In an interview with AutoEVTimes, Shubham Vishvakarma, Founder & Chief of Process Engineering at Metastable Materials, emphasized that battery recycling must be the backbone of India’s EV future. He shared how their chemical-free ICR process delivers 95% metal recovery while cutting environmental impact. Vishvakarma outlined Metastable’s roadmap to scale operations, reduce import reliance, and position India as a global leader in clean materials manufacturing.
Read the full interview here:
AET: India’s EV boom is in full swing, but recycling seems to be lagging behind. In your view, how critical is battery recycling to ensuring India’s EV growth remains truly sustainable?
Shubham: Battery recycling definitely must be a backbone of a sustainable energy transition and complement it for the success of EV growth. The focus has been on accelerating EV adoption, recycling is definitely gaining traction as we are beginning to focus of the lifecycle of batteries The pressure on mineral supply chains is huge especially for lithium, cobalt and nickel.
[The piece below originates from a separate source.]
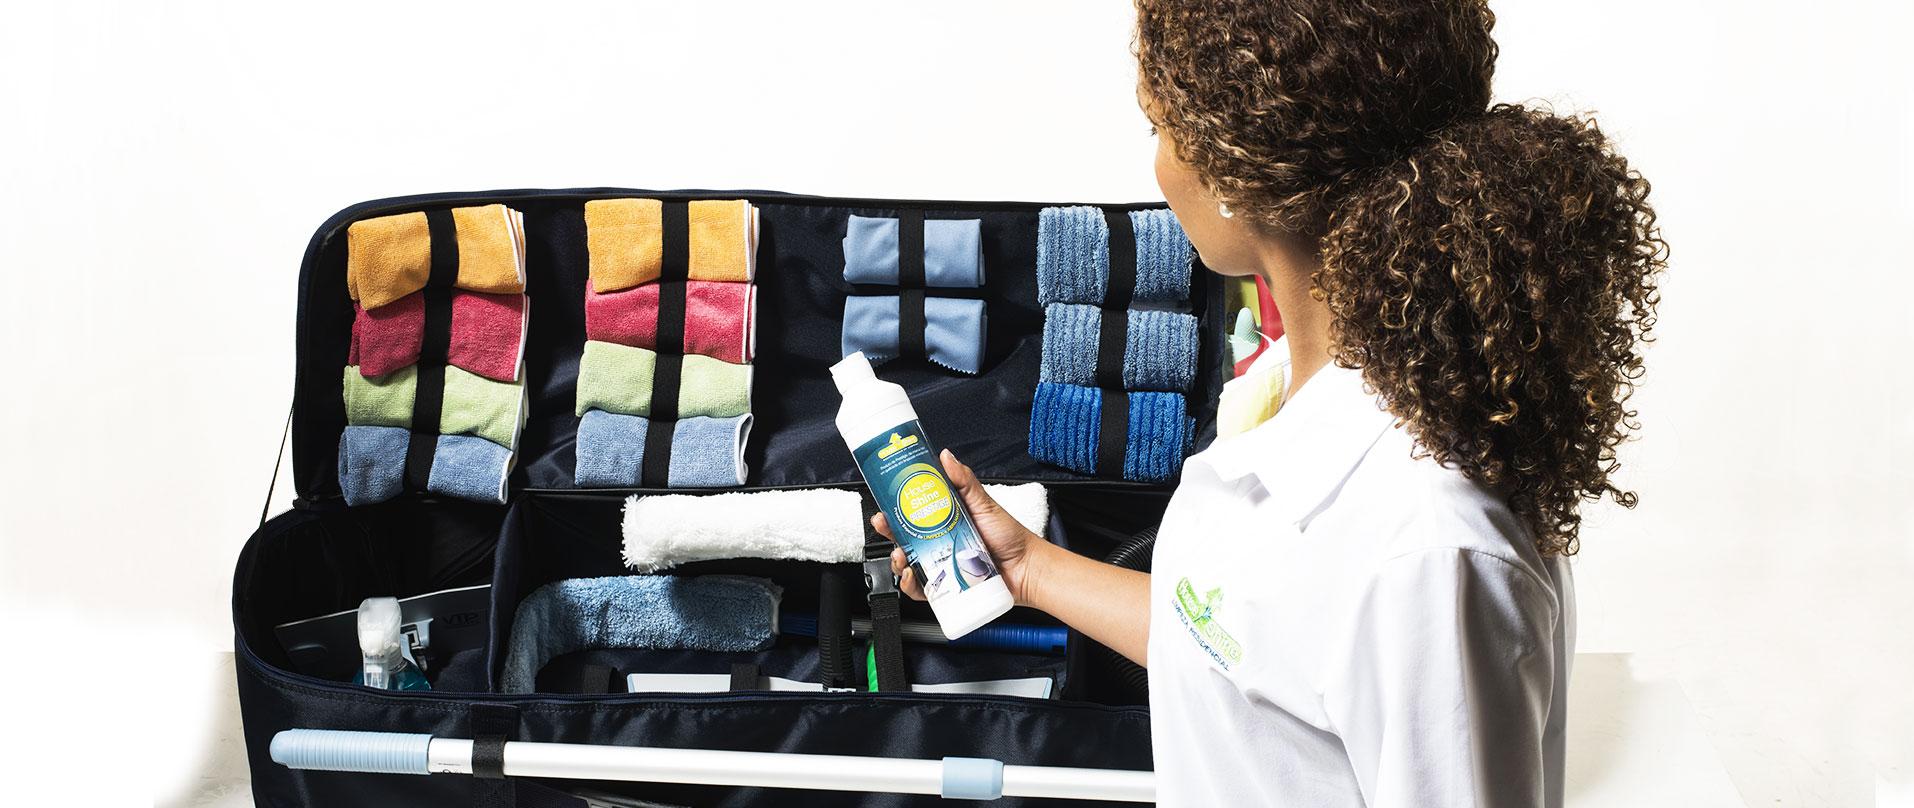 House Shine, Serviços Limpezas Domésticas, Limpeza Ecológica

Recycling is the only scalable circular solution to keep the already mined minerals used in batteries in circulation, reduce the need for fresh extraction, and mitigate the environmental impact of battery disposal and build a domestic supply of strategic materials. Without a robust technology driven recycling infra, the promise of EVs would become a deferred liability.
AET: Metastable’s Integrated Carbothermal Reduction (ICR) process is a key differentiator. Could you walk us through how this chemical-free method works and the impact it has on recovery efficiency and environmental sustainability?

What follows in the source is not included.